▶ [Aim of the task]: Your task is to return, word for word, only the lines from the line with "Moscow, Russia. 7th" through the close of the data. Exclude all pictures.

▶ [Supplied material]:

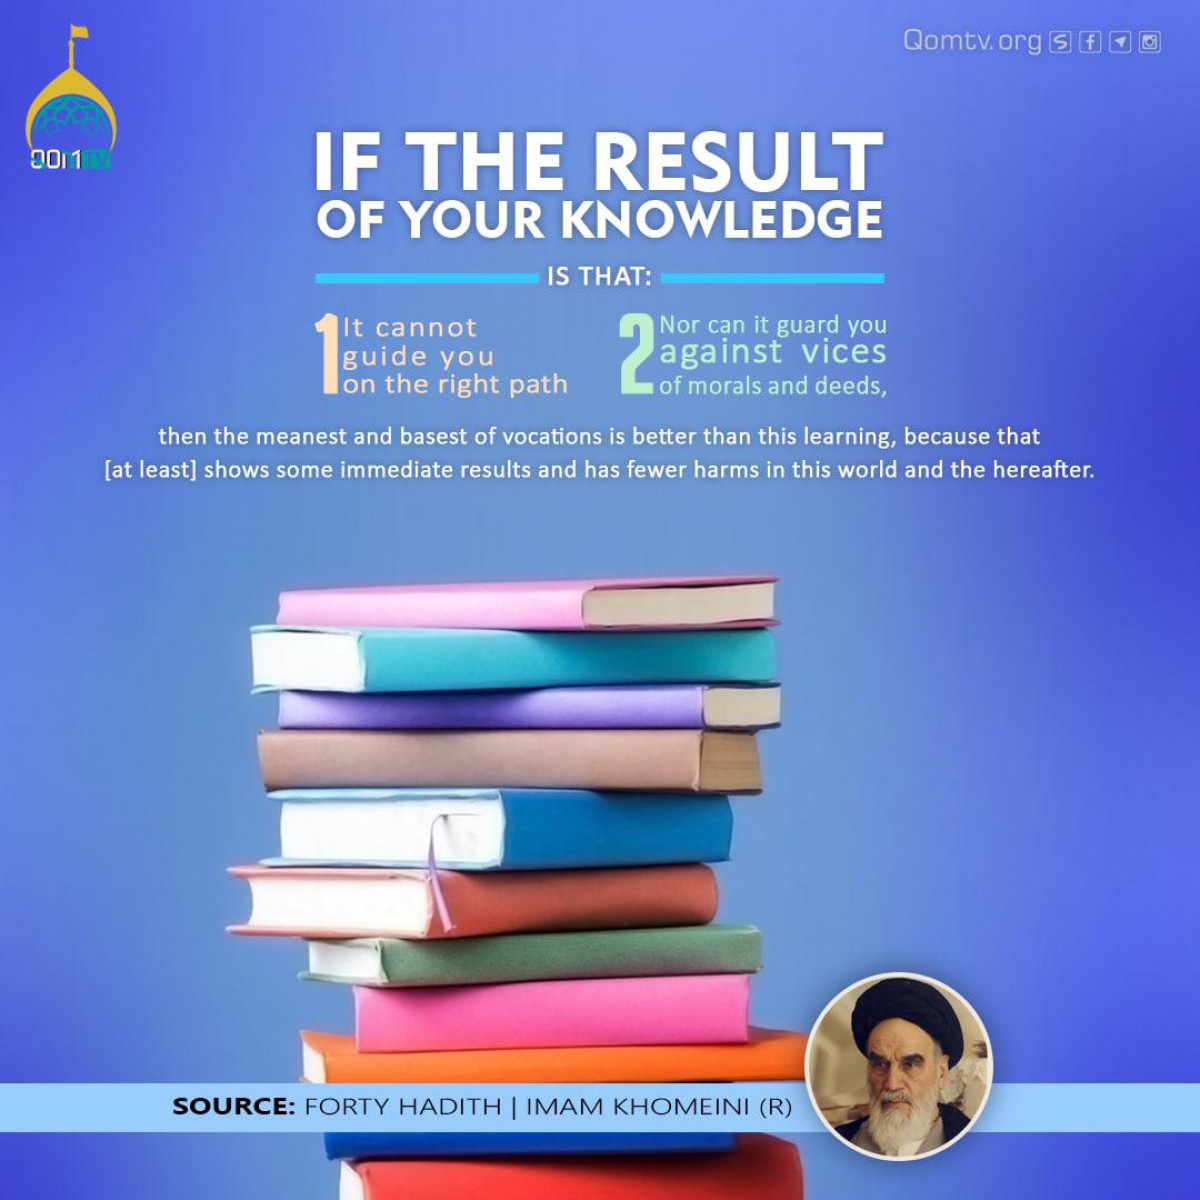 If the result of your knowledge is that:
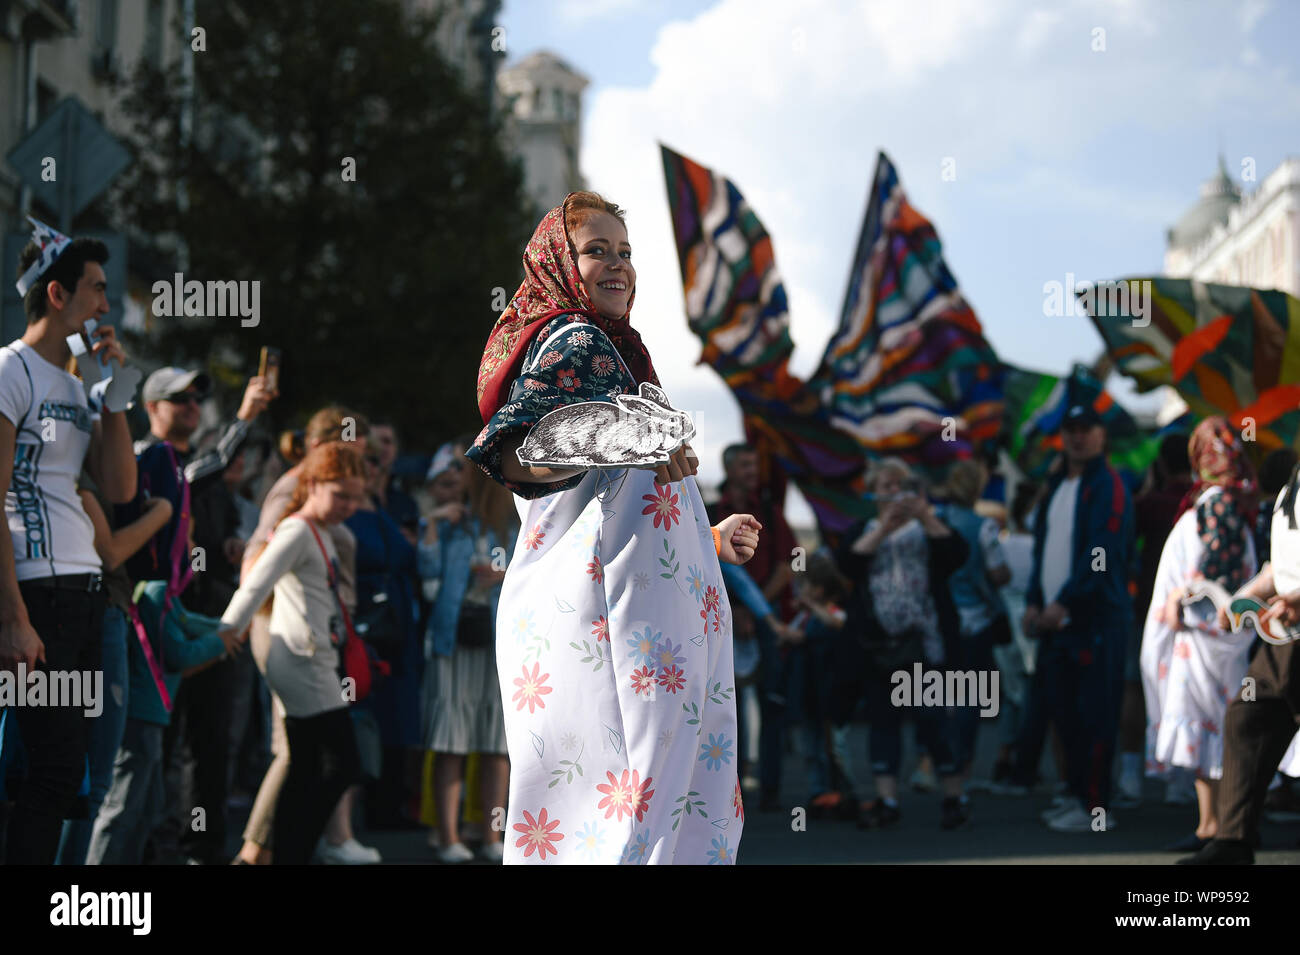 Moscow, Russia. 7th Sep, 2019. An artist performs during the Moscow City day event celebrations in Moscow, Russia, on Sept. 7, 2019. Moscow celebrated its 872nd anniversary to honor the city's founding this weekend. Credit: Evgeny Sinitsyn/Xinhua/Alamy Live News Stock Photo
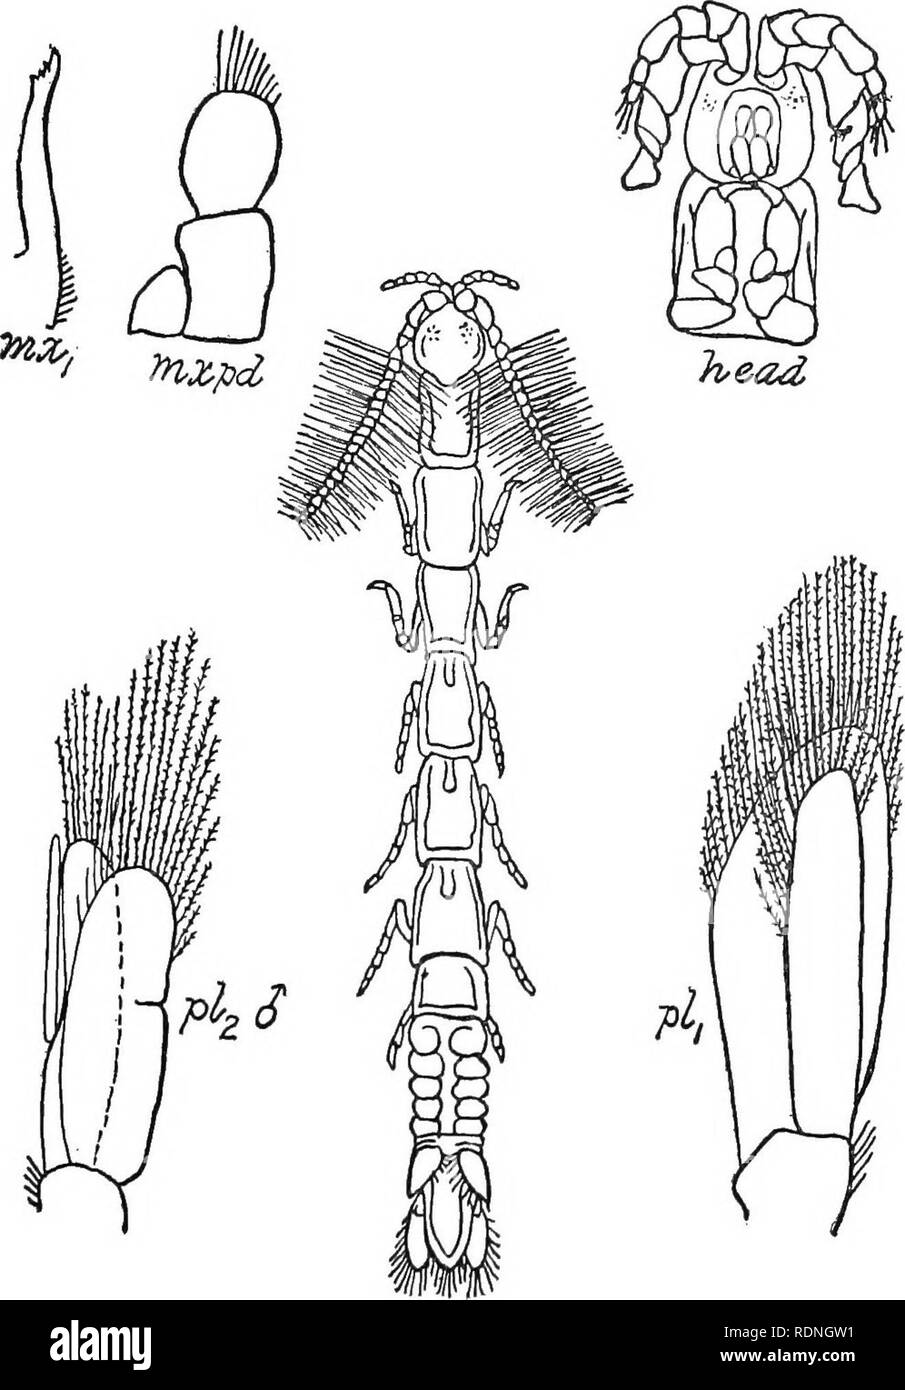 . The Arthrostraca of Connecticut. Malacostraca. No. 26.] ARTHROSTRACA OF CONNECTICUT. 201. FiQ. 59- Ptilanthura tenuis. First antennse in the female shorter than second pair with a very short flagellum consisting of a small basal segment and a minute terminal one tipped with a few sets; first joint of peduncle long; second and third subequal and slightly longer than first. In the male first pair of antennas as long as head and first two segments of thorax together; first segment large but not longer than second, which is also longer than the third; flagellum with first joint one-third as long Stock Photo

▶ [Answer to this task]:
 Moscow, Russia. 7th Sep, 2019. An artist performs during the Moscow City day event celebrations in Moscow, Russia, on Sept. 7, 2019. Moscow celebrated its 872nd anniversary to honor the city's founding this weekend. Credit: Evgeny Sinitsyn/Xinhua/Alamy Live News Stock Photo
 . The Arthrostraca of Connecticut. Malacostraca. No. 26.] ARTHROSTRACA OF CONNECTICUT. 201. FiQ. 59- Ptilanthura tenuis. First antennse in the female shorter than second pair with a very short flagellum consisting of a small basal segment and a minute terminal one tipped with a few sets; first joint of peduncle long; second and third subequal and slightly longer than first. In the male first pair of antennas as long as head and first two segments of thorax together; first segment large but not longer than second, which is also longer than the third; flagellum with first joint one-third as long Stock Photo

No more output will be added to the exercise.